NYTimes: The Meat-Lover’s Guide to Eating Less Meat

Reducing your meat and dairy intake can help mitigate climate change. Melissa Clark has ideas for how to do it deliciously.

A vegetarian riff on Indian butter chicken, this fragrant stew of chickpeas is spiced with cinnamon, garam masala and fresh ginger, and is rich and creamy from the coconut milk.Credit…David Malosh for The New York Times. Food Stylist: Simon Andrews.

By Melissa Clark Dec. 31, 2019

For all of my adult life, I’ve reveled in rare rib-eye steaks and oozing Camembert. I won’t let go of my drumstick until I’ve gnawed off every bit of cartilage and golden skin, and it’s best to not even talk about bacon so crisp that it won’t bend for that first porky bite.

Yet over the past few months, I’ve cut way down on my lamb chops and grilled cheese sandwiches. And if you’re meat-and-dairy eater who aches over the environmental state of our planet, then you may be thinking of doing the same thing, too.

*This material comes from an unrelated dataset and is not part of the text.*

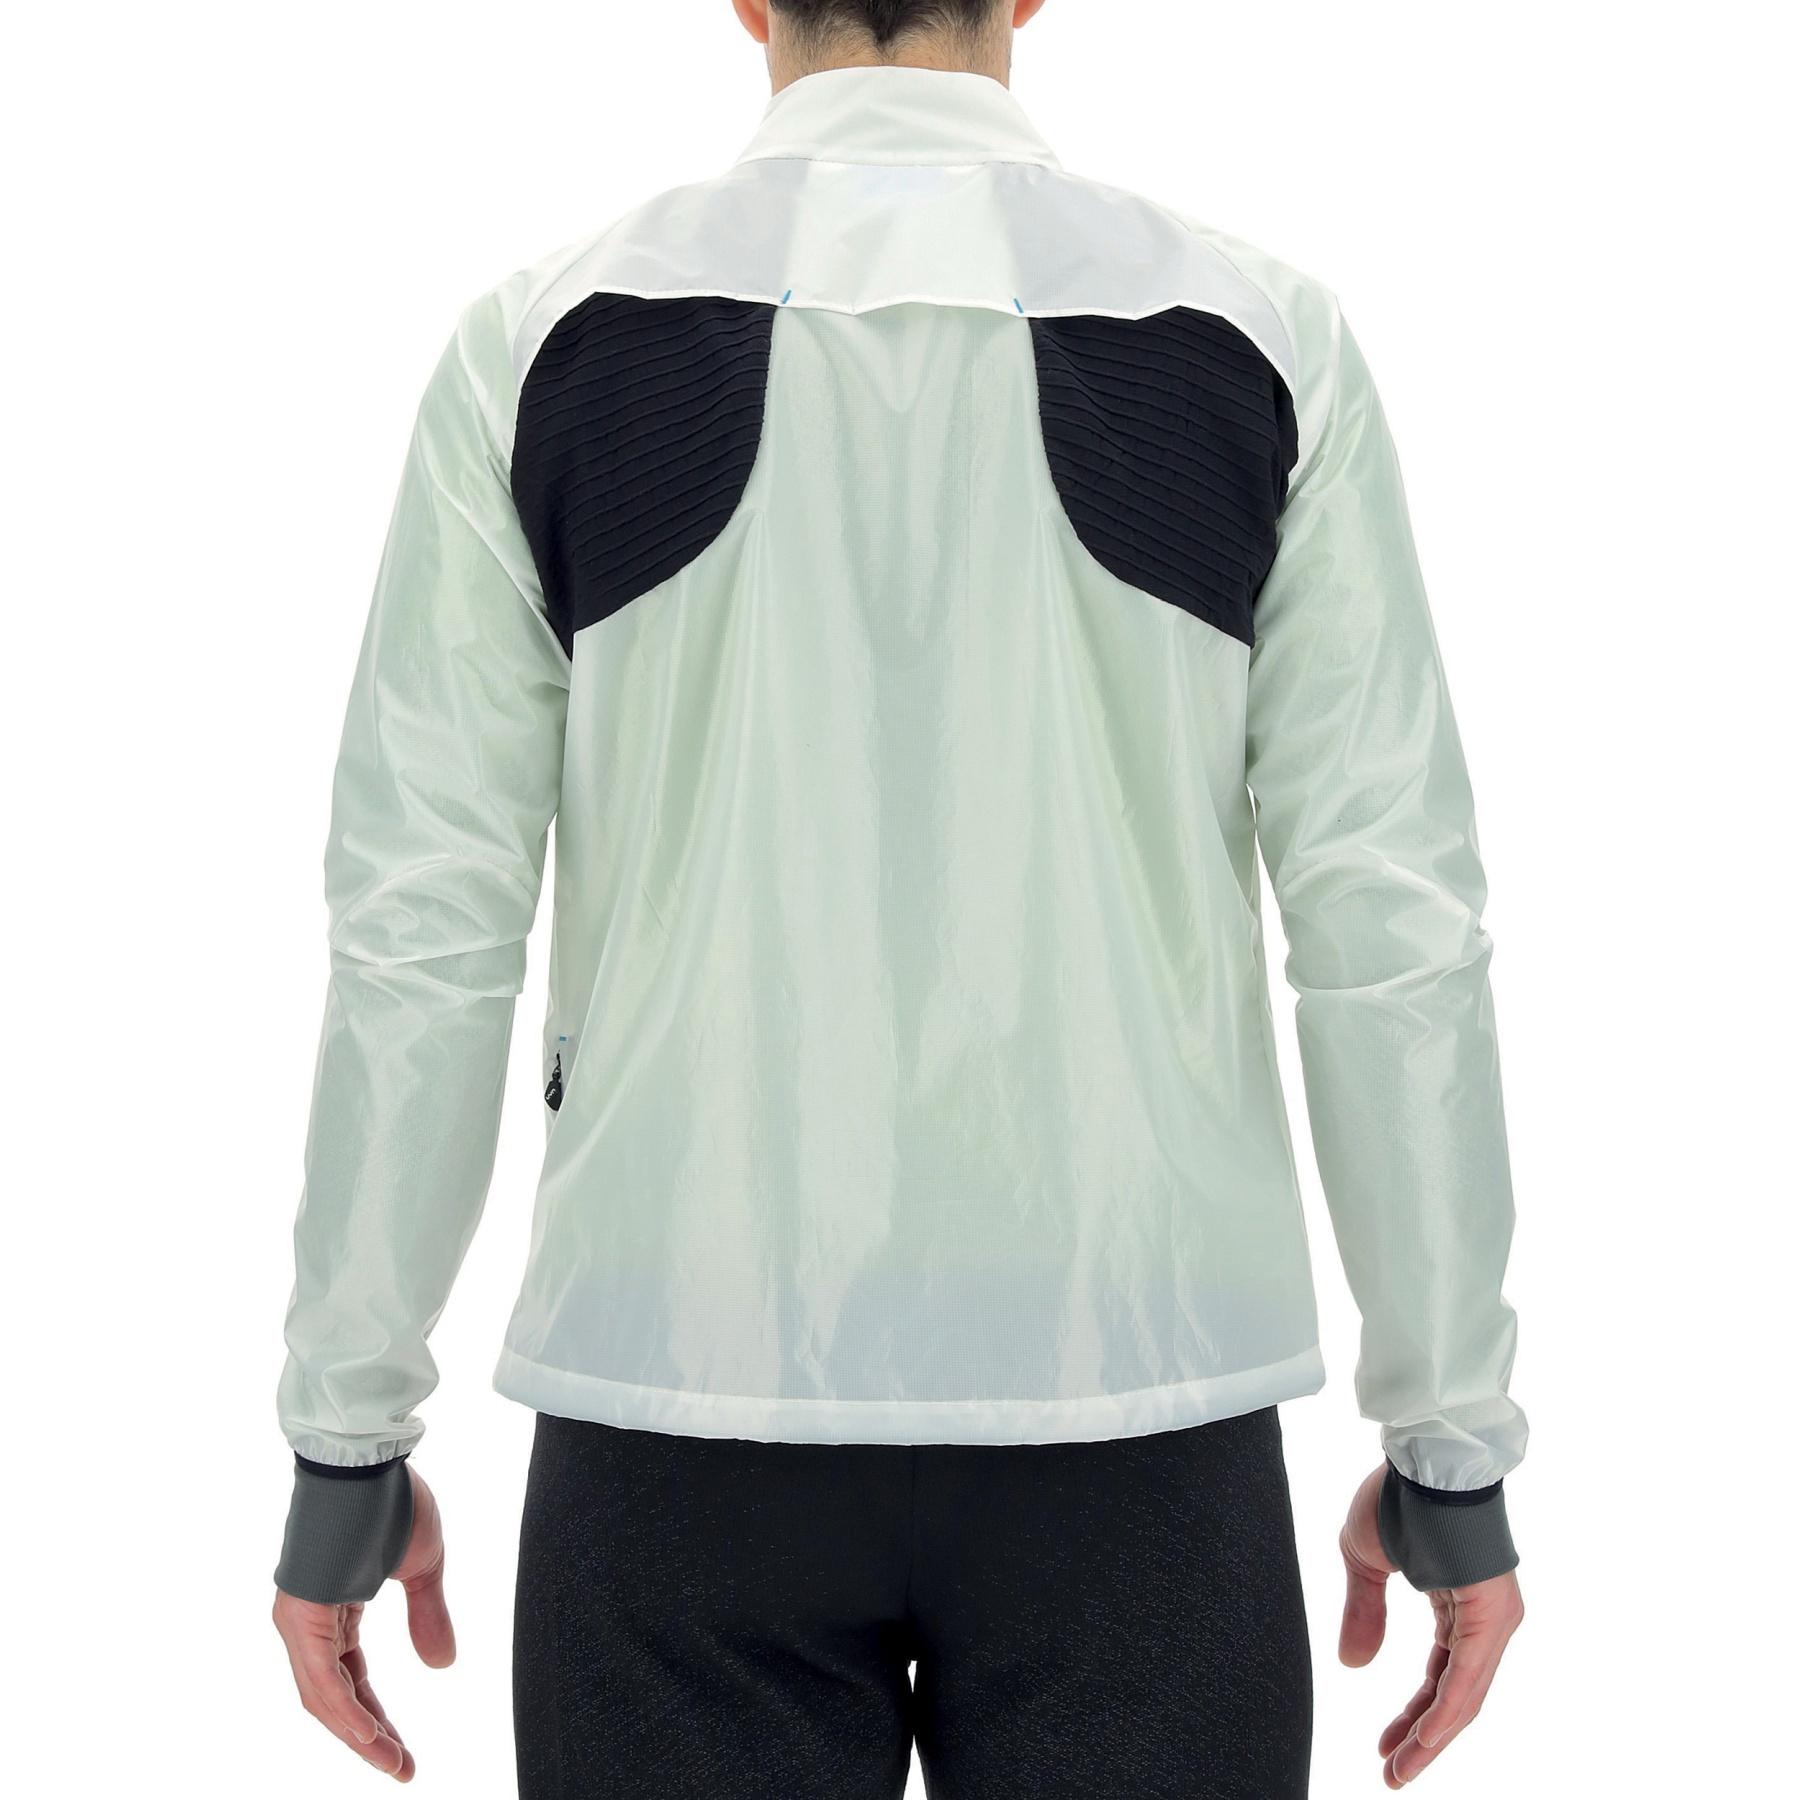 Image of UYN Running Luminance Regular Fit Jacket - Off White Plum/Black
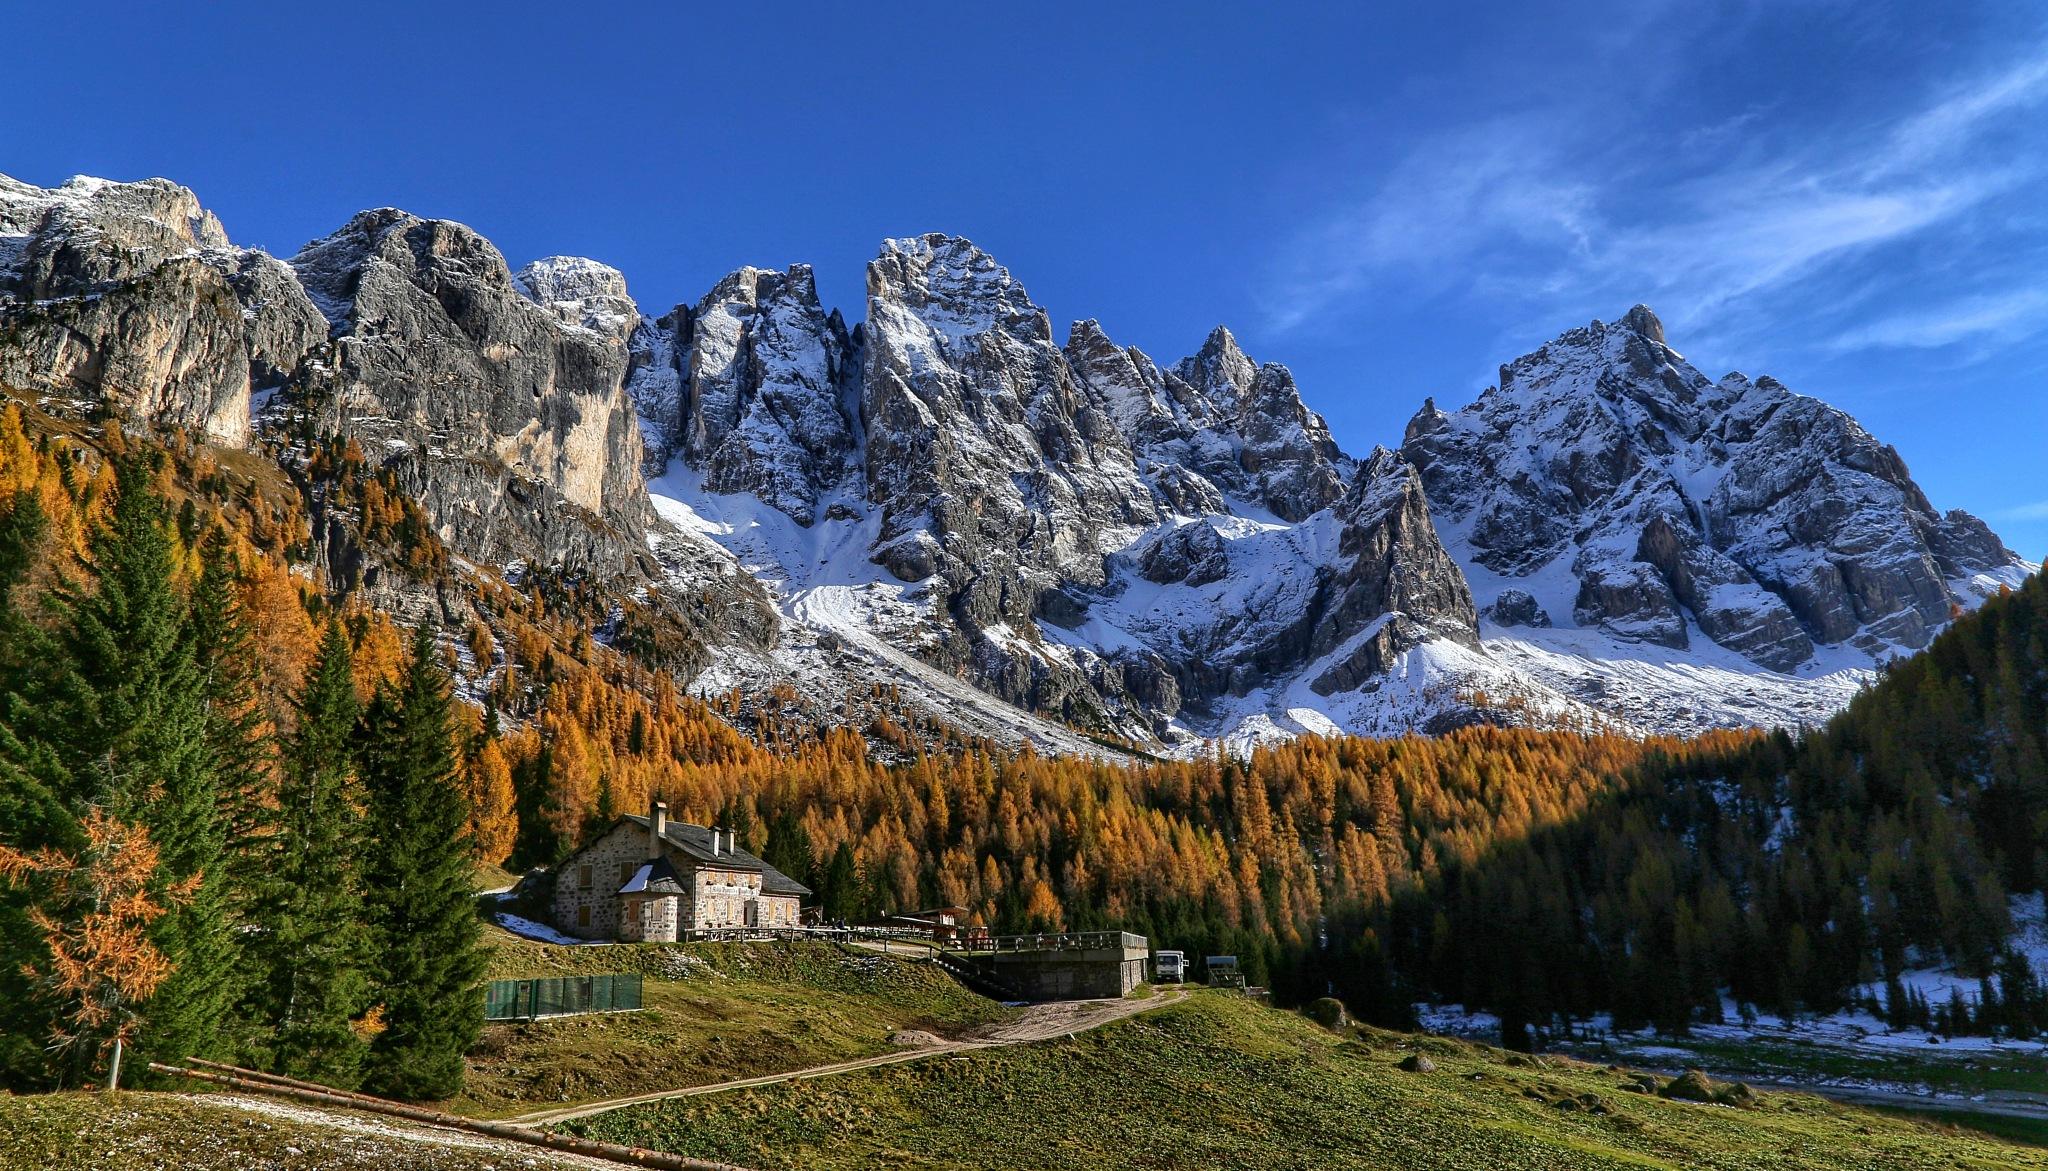 Venegia Valley Dolomites TrentinoAltoadige Italy by Cristian Stablum

It started in the spring, when my Food colleague Julia Moskin teamed up with Brad Plumer from The New York Times Climate desk to report on how our current food system is contributing to climate change. The results were crystal clear and deeply depressing. Meat and dairy production alone account for 14.5 percent of the world’s greenhouse gas emissions — as much each year as from all cars, trucks, airplanes and ships combined. It’s a staggering statistic.